We try this smoked salmon—their lead product—two ways, by itself and on a bagel. There are people who object to sexual metaphors in food writing, in which case they need to just skip to the next paragraph now. It is impossible to avoid impure thoughts as this unabashedly sensual ribbon of supple flesh, buttery and lush and delicate, flicks and rolls about on your tongue. It’s an eyes-roll-back-in-your-head culinary experience, as rich and intoxicating and transporting as anything I’ll have this year, I think.
But on a bagel, much of that is muted, suppressed. The lack of salt is now obvious; the fish that swept you away on its own seems a wallflower next to bread and cheese. David Hammond asks Forman what he thinks of cream cheese with salmon. “That’s an American thing. I love cream cheese on my bagel. My father . . . he thinks I’m a blasphemer. We came here from England, never having seen cream cheese in our lives. They use either creme fraiche or butter.”
He has three more items for us to try. The first is the sashimi cut—the filet mignon of the fish, he says, slicing it in thick sashimi cuts. It is something between the previous smoked salmon slices and steak with the butteriness of the former yet a muscular texture that at least hints at the latter. Another is a new product—he says we’ll be the fourth and fifth people to try it in north America. It’s the same sashimi cut, with its white fat stripes, but it’s been marinated in beet juice, picking up a hint of earthy vegetable flavor and a gorgeous fuchsia outer color that fades to the familiar orange about a quarter inch in.

- Michael Gebert
- Beet-cured sashimi salmon
The last item isn’t salmon at all. It’s eel, a thin fillet of white flesh which has been smoked much more strongly than any of the salmon we’ve tasted. It’s also more substantial than the salmon—”It’s almost crunchy,” Hammond says. This is a popular item at Eataly, Forman notes, as it’s often broken up and stirred into pasta.

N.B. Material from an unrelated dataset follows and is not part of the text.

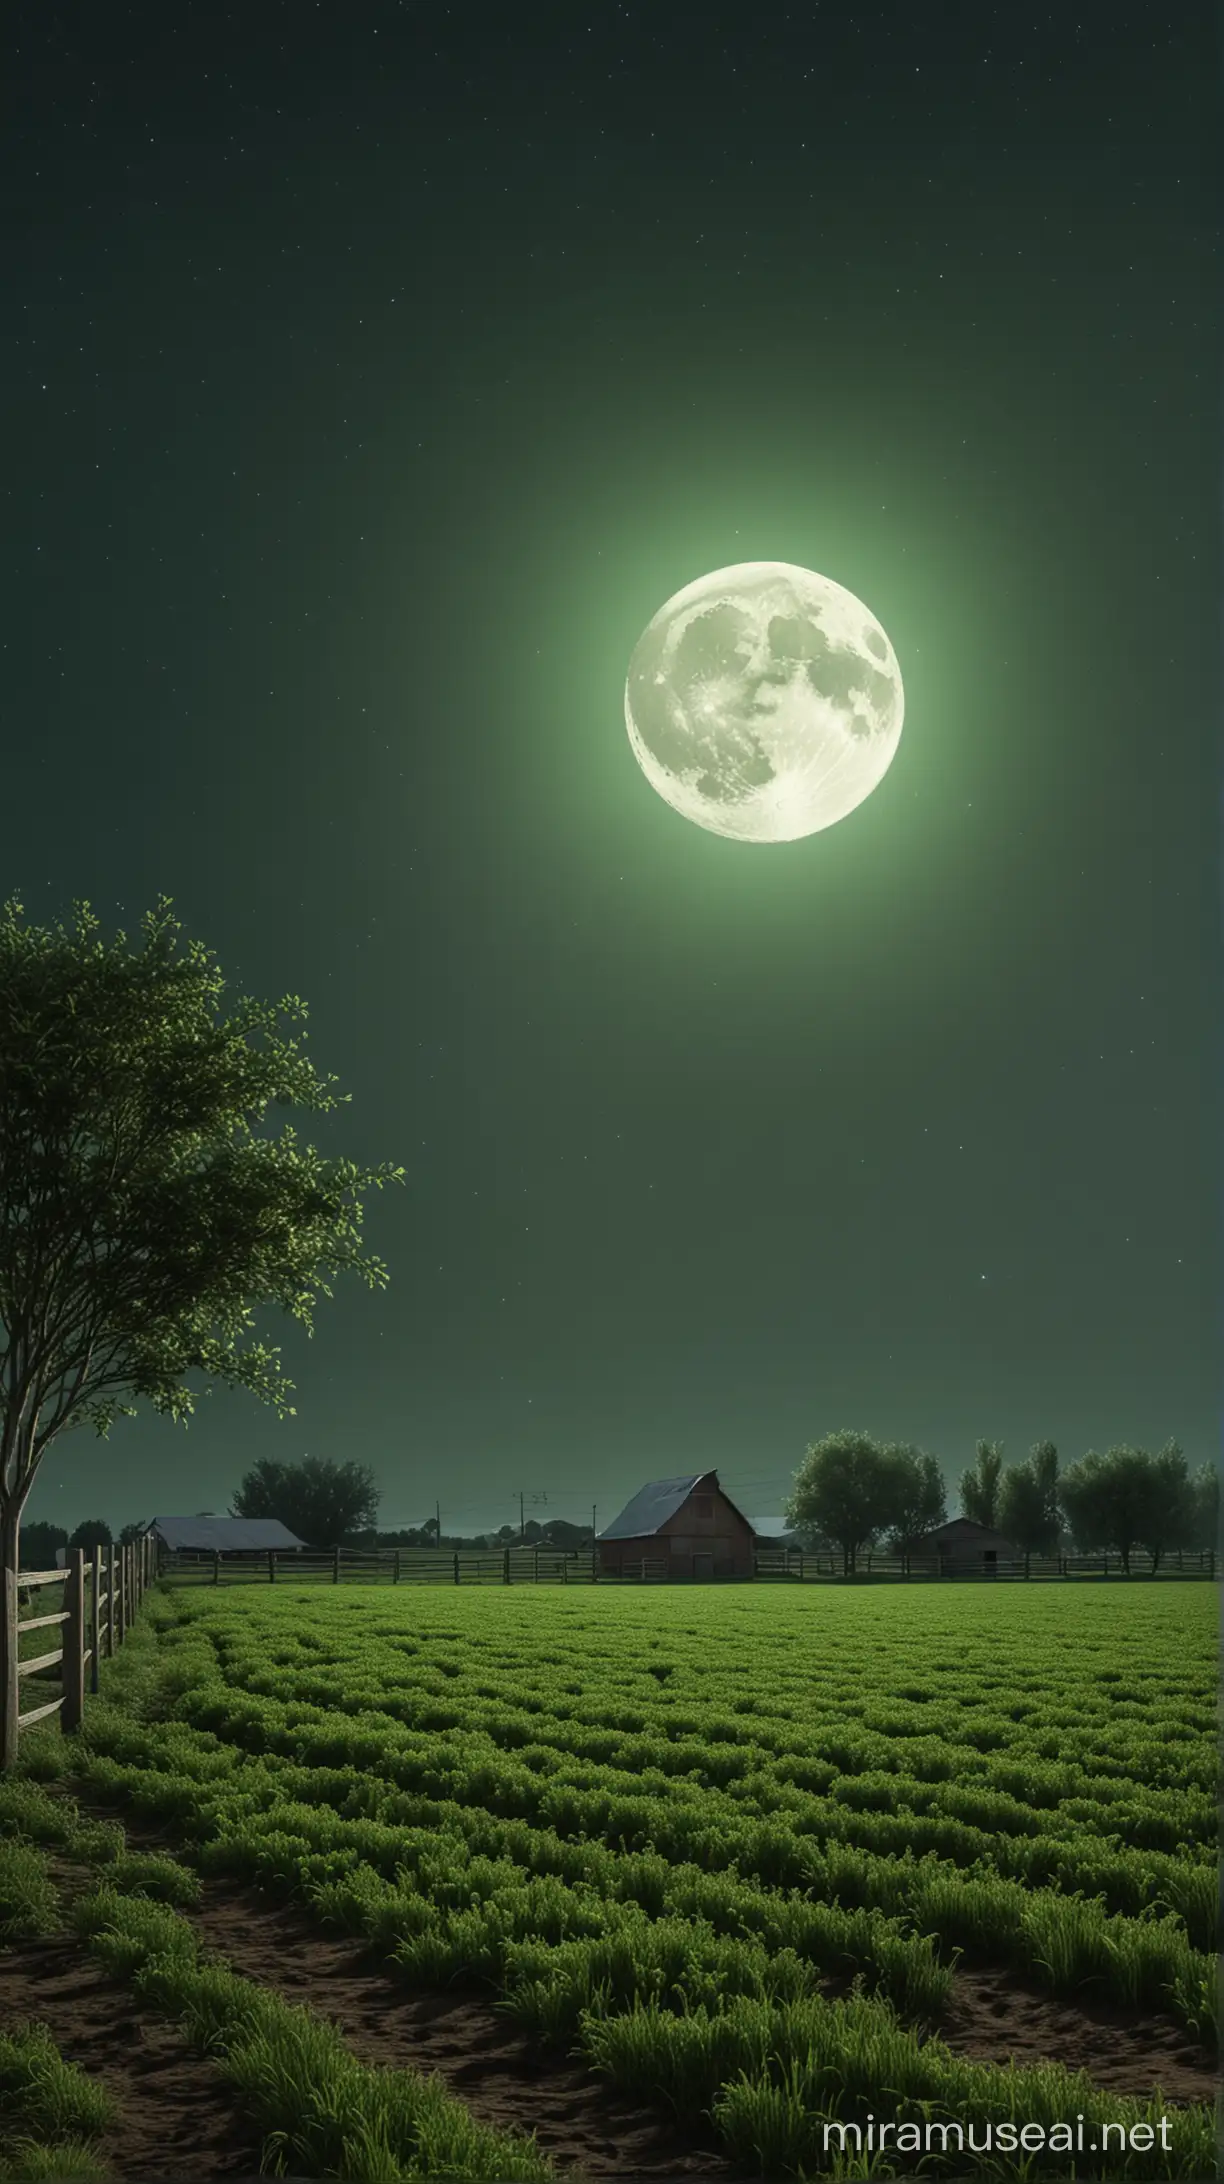 Rustic Green Farm Illuminated by a Luminous Moon

All of the salmon comes from the same sources—it’s all Scottish salmon. Even in these days of overnight air cargo, they regard Scottish product as the closest, freshest fish for a London supplier to work with. They are the only ones to smoke wild-caught Scottish salmon, which commands twice the price of farm raised, but most of their product comes from salmon farms. From an environmental point of view, salmon farms are a mixed bag—on the positive side, no one’s overfishing the salmon to extinction, but salmon pens or open-water farms can have deleterious environmental effects on other sea life in that area, the salmon (who swim mostly near the top) harming what’s below them. Forman says the Scottish farms are healthier than those in other parts of the world because they’re based in canals, not tanks, which have fresh cold water running through them continuously, which helps prevent diseases like sea lice as well.
“We’ve been in London for 109 years, which is longer than anyone has been smoking salmon,” Forman says as he’s packing his goods up and putting them back in his cooler. “We use nothing but the traditional, intended ingredients. And the fourth ingredient on our packaging is ‘love.’ Why does it say love? Because we care about our product, we care about our consumers, we care about what they put in their bodies.” Which is probably not how his great-grandfather the Russian immigrant fishmonger would have put it exactly, but in terms of the fish they sell, it seems to amount to the same thing.